The docs say the context window for GPT-5 is 400k tokens, but in production we’re hitting this error:
Input tokens exceed the configured limit of 272,000 tokens. Your messages resulted in 297,006 tokens.
This is a huge gap in the documentation. Every other model we’ve used has had its maximum input limit equal to its advertised context window. But with GPT-5, the actual max input is 272k tokens where the rest of the 400k is reserved for the maximum possible output (128k tokens). Nowhere in the official GPT-5 model card is this called out.
The only place this limit seems to be mentioned is in the GPT-5 blog post, and it’s not searchable from the API docs or API reference. If you only follow the model card, you’ll assume you can send the full 400k tokens as input and you’ll get hard errors in production.
Other models do not behave like this. For example, if I send the same request to o4-mini, the error matches its advertised 200k token limit:
This model’s maximum context length is 200,000 tokens. However, your messages resulted in 297,006 tokens.
The difference in error behavior and lack of clear documentation for GPT-5’s split input/output limits is a major pitfall for developers. This needs to be clearly stated in the API model cards so teams don’t waste time chasing what looks like a bug.
I think they’re saying 400k is total context, it’s outputting 128k, so guess what 400-128 is? Same number as mentioned in that blog post you linked.
Having said that, I also thought 400k was input prize, but I guess they wrote it as such because they used this prompt to come up with the number:
SA: Other LLMs from Google and such have 1M token window, so how can we make ours sound similar to those, even though they are not?
GPT5: It sounds like you want the model to seem closer to the competitors. Instead of labeling the input token and output token limits, you could label the total token limit along with the output token limit. Technically, you would not be lying. Let me know if you would like me to create a few comparison charts for you that you could use during the announcement presentation.
If you send “max_output_tokens” to a normal model, that is considered not just a cutoff for generation, but the rate limiter also acts like it like a reservation of output space, reducing the amount of input you can send, counting against your tier limits when deciding to block.
GPT-5 doesn’t have that parameter facing the developer in the same way, it seems. I haven’t tried probing to directly provide you answers any different (which is free if you start high and get errors), but the expectation would be if the model can generate a maximum of 4000 entailment into the context window by you using a max_out parameter, the remainder is for input.

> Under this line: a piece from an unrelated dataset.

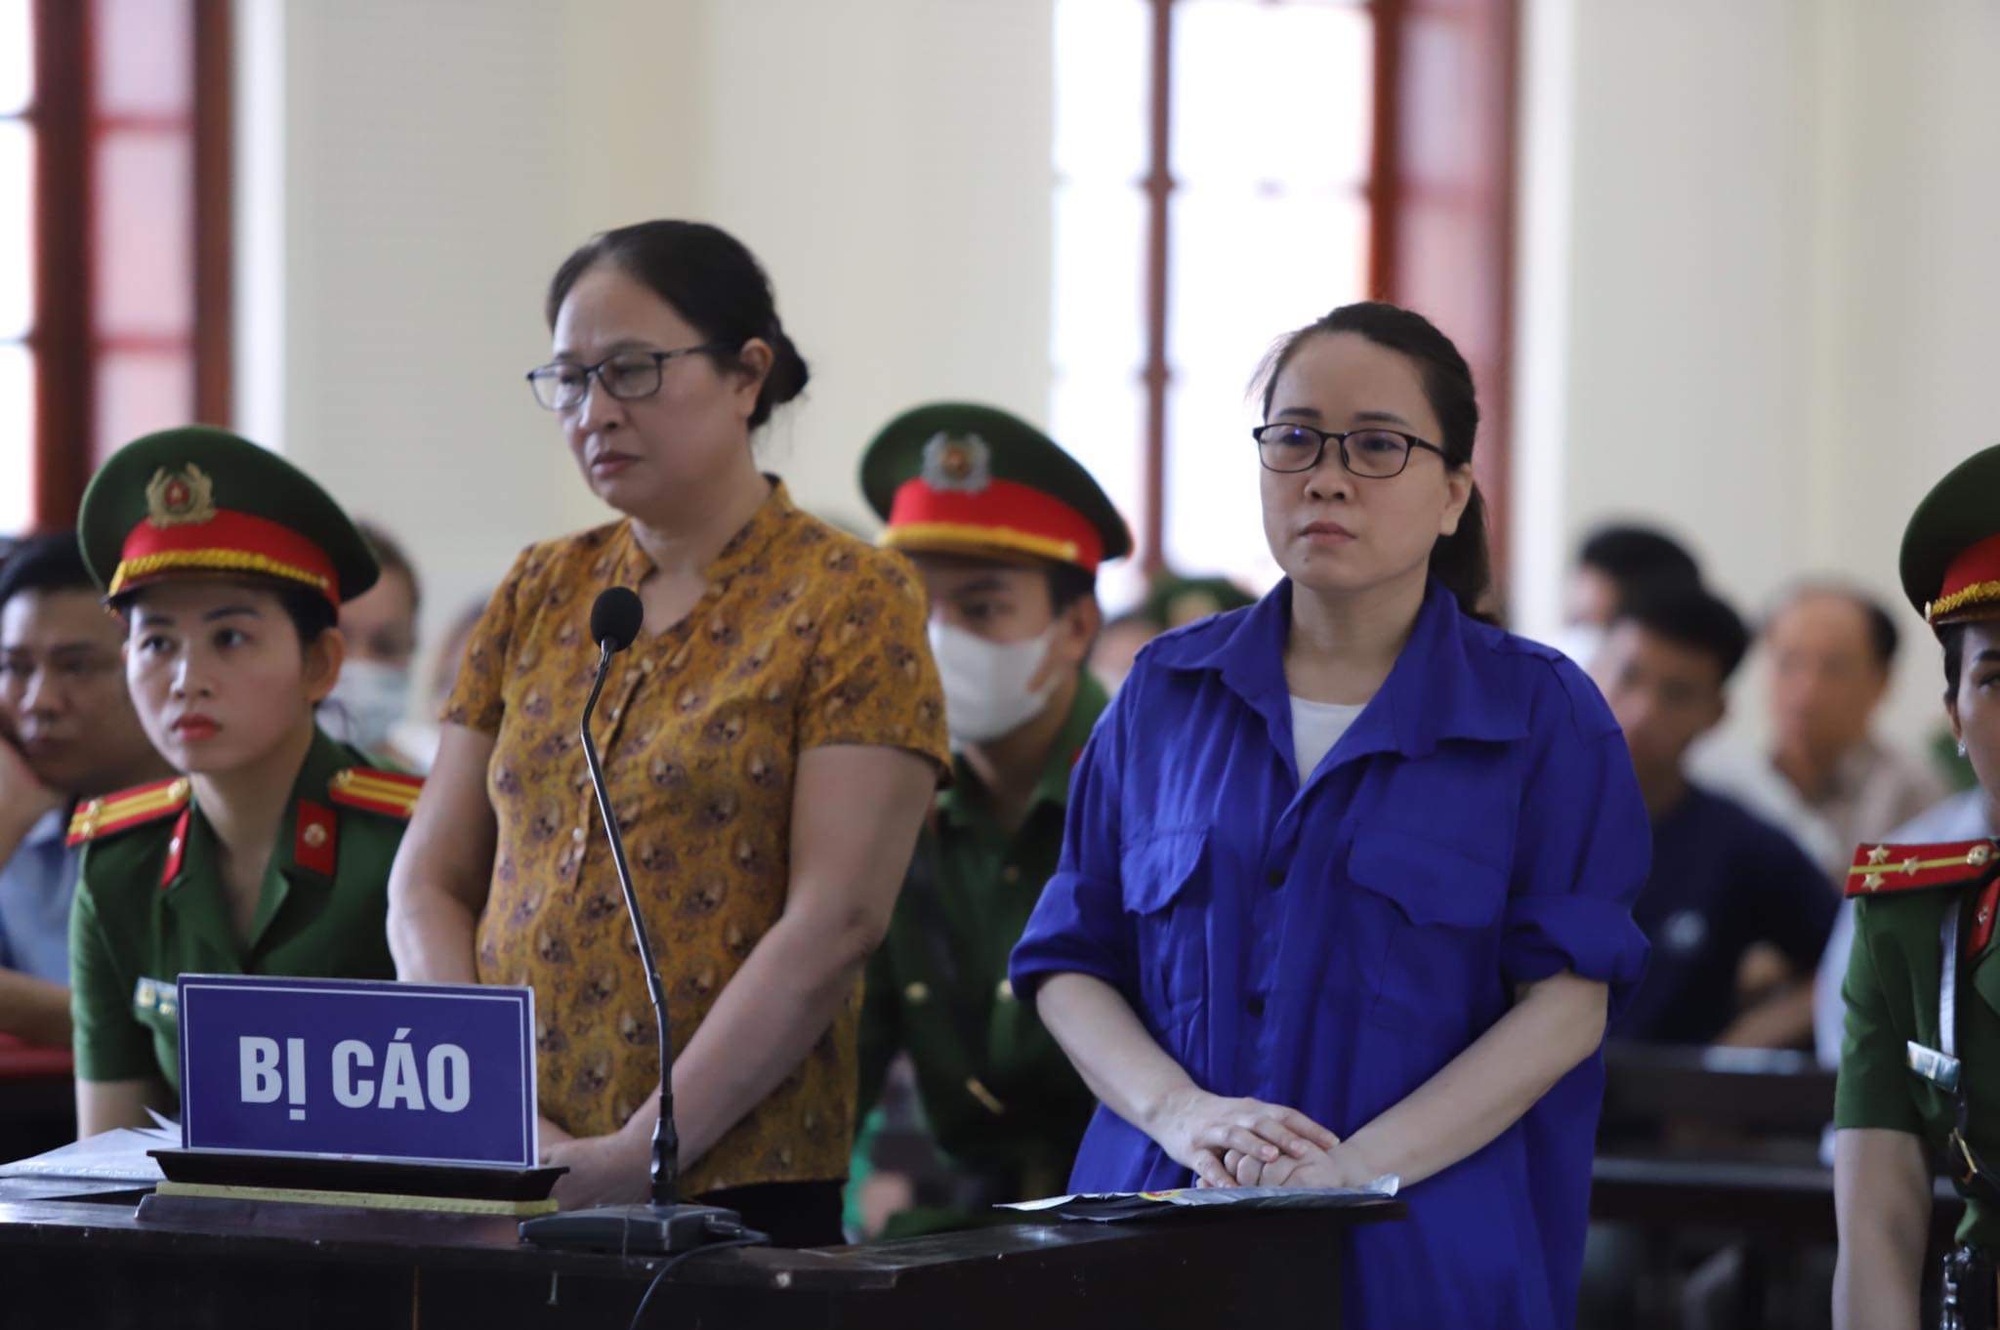 Tòa cấp sơ thẩm áp dụng thiếu sót, cô giáo Lê Thị Dung chỉ bị giam 15 ngày nữa - Ảnh 1.

(unless, that is, OpenAI is also having a hidden round of inspection, judgement, policy that is done by the same model consuming unreported reasoning, that shall not be limited or exposed)
Until today it is not clear what the actual maximum input tokens is because I was able to successfully process an input of 292k tokens with gpt-5.2 but can’t seem to go above that regardless of how I set max_output_tokens - it is frustrating to have this lack of clarity in the documentation.